We’ll begin with the layer called Synth 1; our sound starts with a dual oscillator, through five traditional subtractive waveforms. Once you select a waveform, this is shared across both elements of the dual oscillator, with independent tuning control for each. Oscillator 2 can be set at the same pitch, or one/two octaves above, but with hard tuning up to a perfect 5th above or below your triggered note, you can pretty much set the oscillator pitch wherever you want. The shared nature of the waveform might feel restricting, but the Duty Cycle control provides a form of pulse width modulation, across all chosen wave types.

It doesn’t end there though, because a further sub oscillator is also onboard, switchable in octave range only, but offering a sine, saw or square wave, along with a phase pot, to alleviate phase cancellation issues.

All of these source components are blended at the Synth 1 layer level, using the mixer, which also provides a level pot for noise. This occurs before moving on to the incredibly comprehensive filter section, which is comprised of three independent sections; low-pass, high-pass and sub filter. All three have resonance and envelope modulation control, while the sub filter is switchable between high, low and band-pass modes. Unsurprisingly, the filters sound exceptionally good, with true Moog colour. The band-pass is a particular favourite, with its wispy quality, which is ideal for those classic reduced band-width bass parts.

Unsurprisingly, the filters sound exceptionally good, with true Moog colour

Alongside the Synth 1 layer, the Control 1 Layer has plenty of modulation sources, which include three individual LFOs, each syncable and with a phase control, and three envelopes. Two of these ADSR envelopes are hooked directly to the amplifier and filter sections, while the third envelope offers five stages, with an additional delay trigger. You’ll also find two random generators, with sync and slew.

This compendium is pretty complete, but as Mariana offers a second Synth and Control layer, you do have to double the capacity for sonic creation, with two of everything. This means that there’s a ton of tonal options for a monophonic synth (which can also be switched to a duophonic mode) but also that there are several layers to compete with when editing.

Moog Mariana

(Image credit: Moog)

Modulation and more

The undeniable Moog sound presented by Mariana is pretty exceptional, but providing a fixed timbre is only half the story. Alongside the traditional modulation control, within each control layer,  there are a host of other options. The Modulation page opens to reveal assignable sources from all over the synth, with full detailing at each level, as a pop-up window gives access to the modulation settings for each source and destination. It’s beautifully engineered onscreen, and a useful method for controlling elements such as the filter cutoff controls, from a single source such as the modulation wheel. 

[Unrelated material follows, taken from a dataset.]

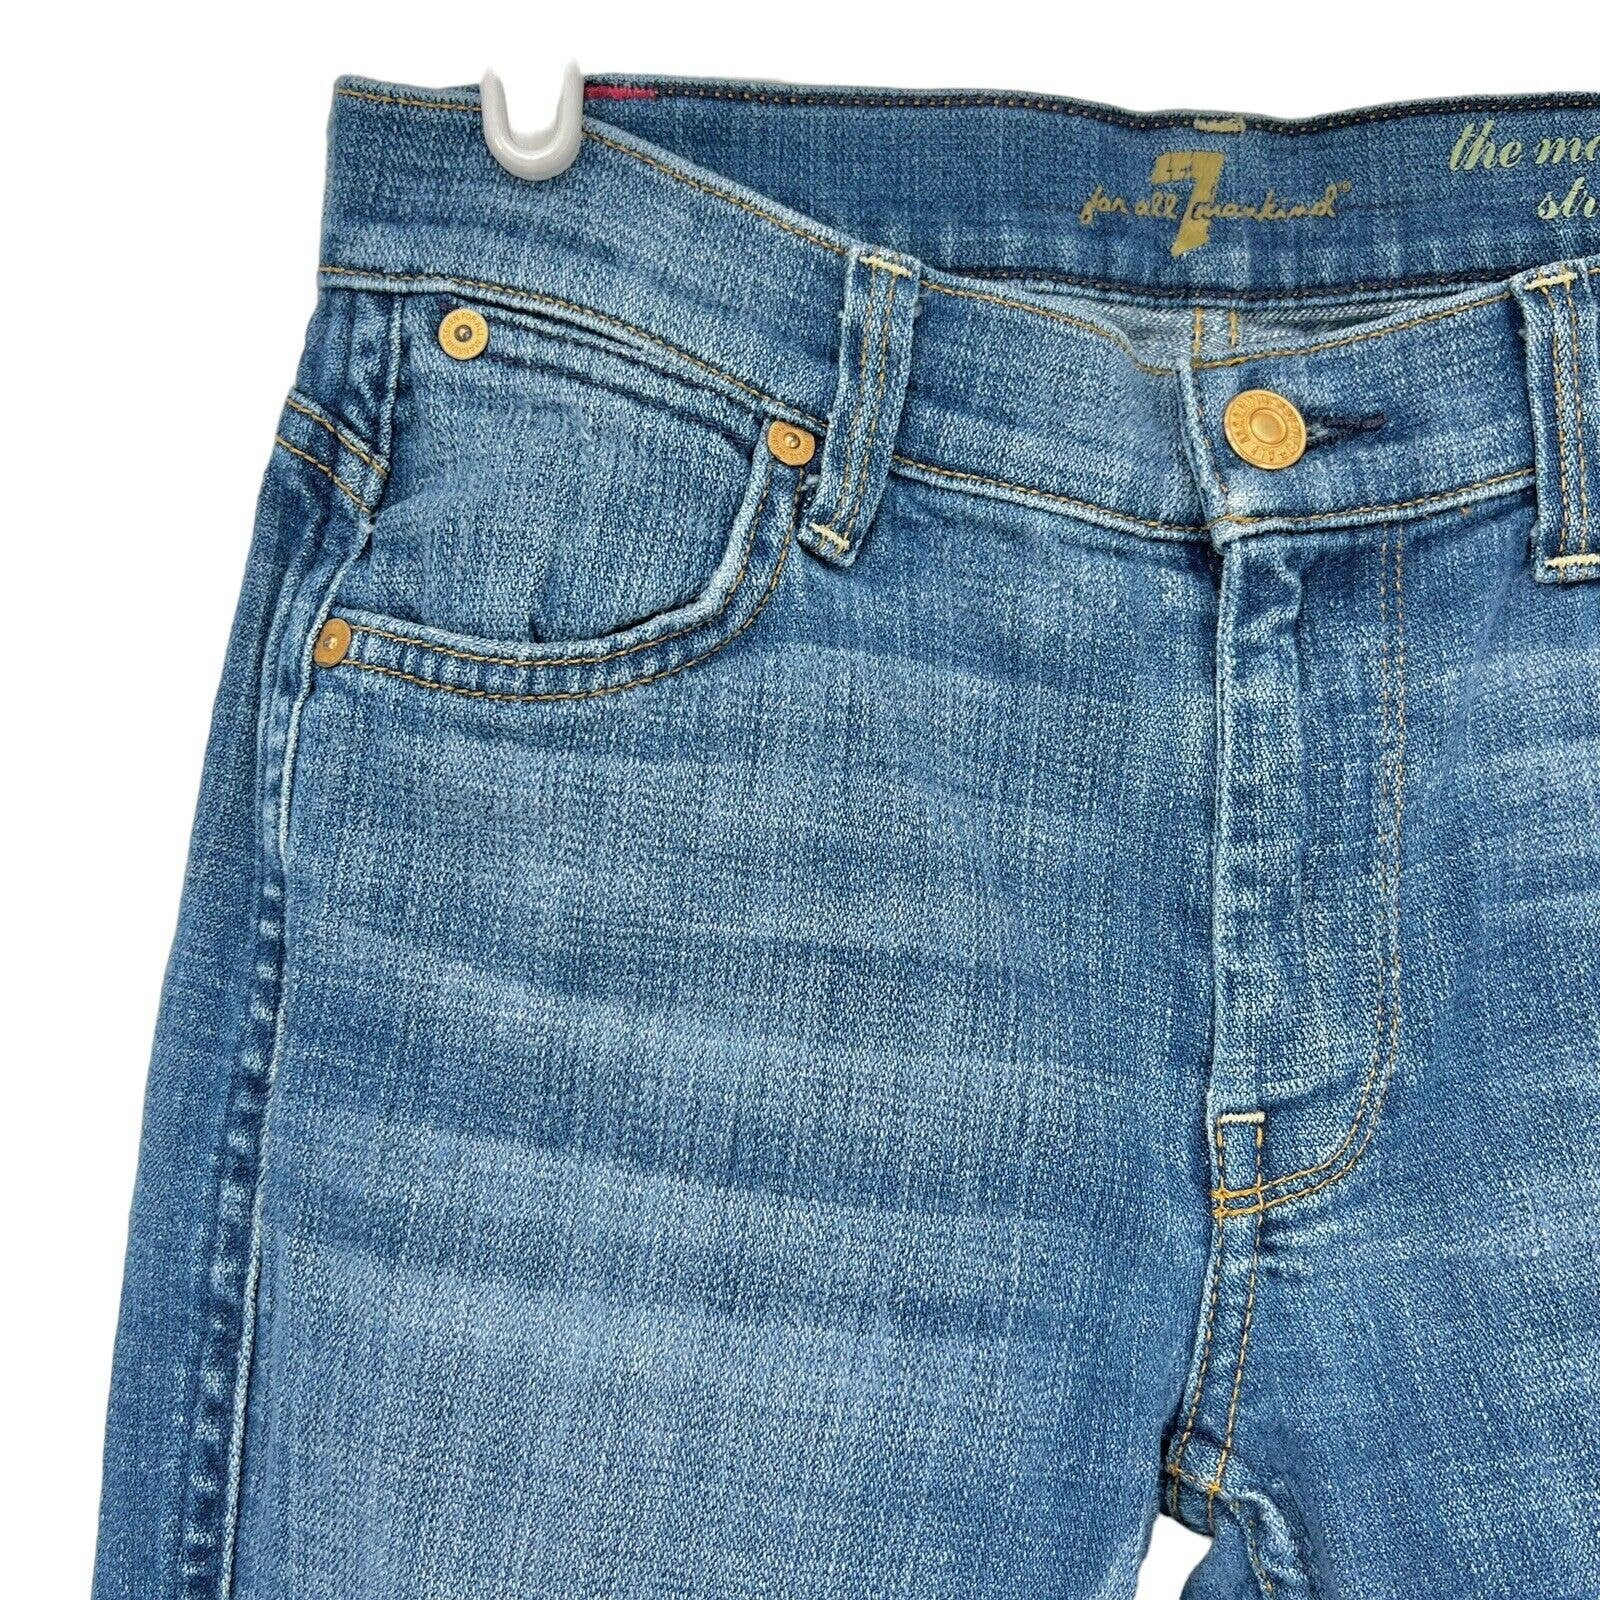 high discount 7 for all mankind Womens Modern Straight Leg Mid Rise Blue Jeans Size 25 (26x31) G7i2lHTro well sale

Meanwhile, MIDI CC Mapping can also be applied as required. One of the more exciting prospects is its ability to apply virtual CV (control voltage) connections. If you have any of the Moogerfooger software effects pedals, you can instantly engage this element, as the Moogerfoogers can trigger elements such as LFO or envelopes, and vice versa.


The final page which ties everything together is the Output page. The central Summing mixer blends the signals, applying compression and effects too, with the effects added at the synth layer level.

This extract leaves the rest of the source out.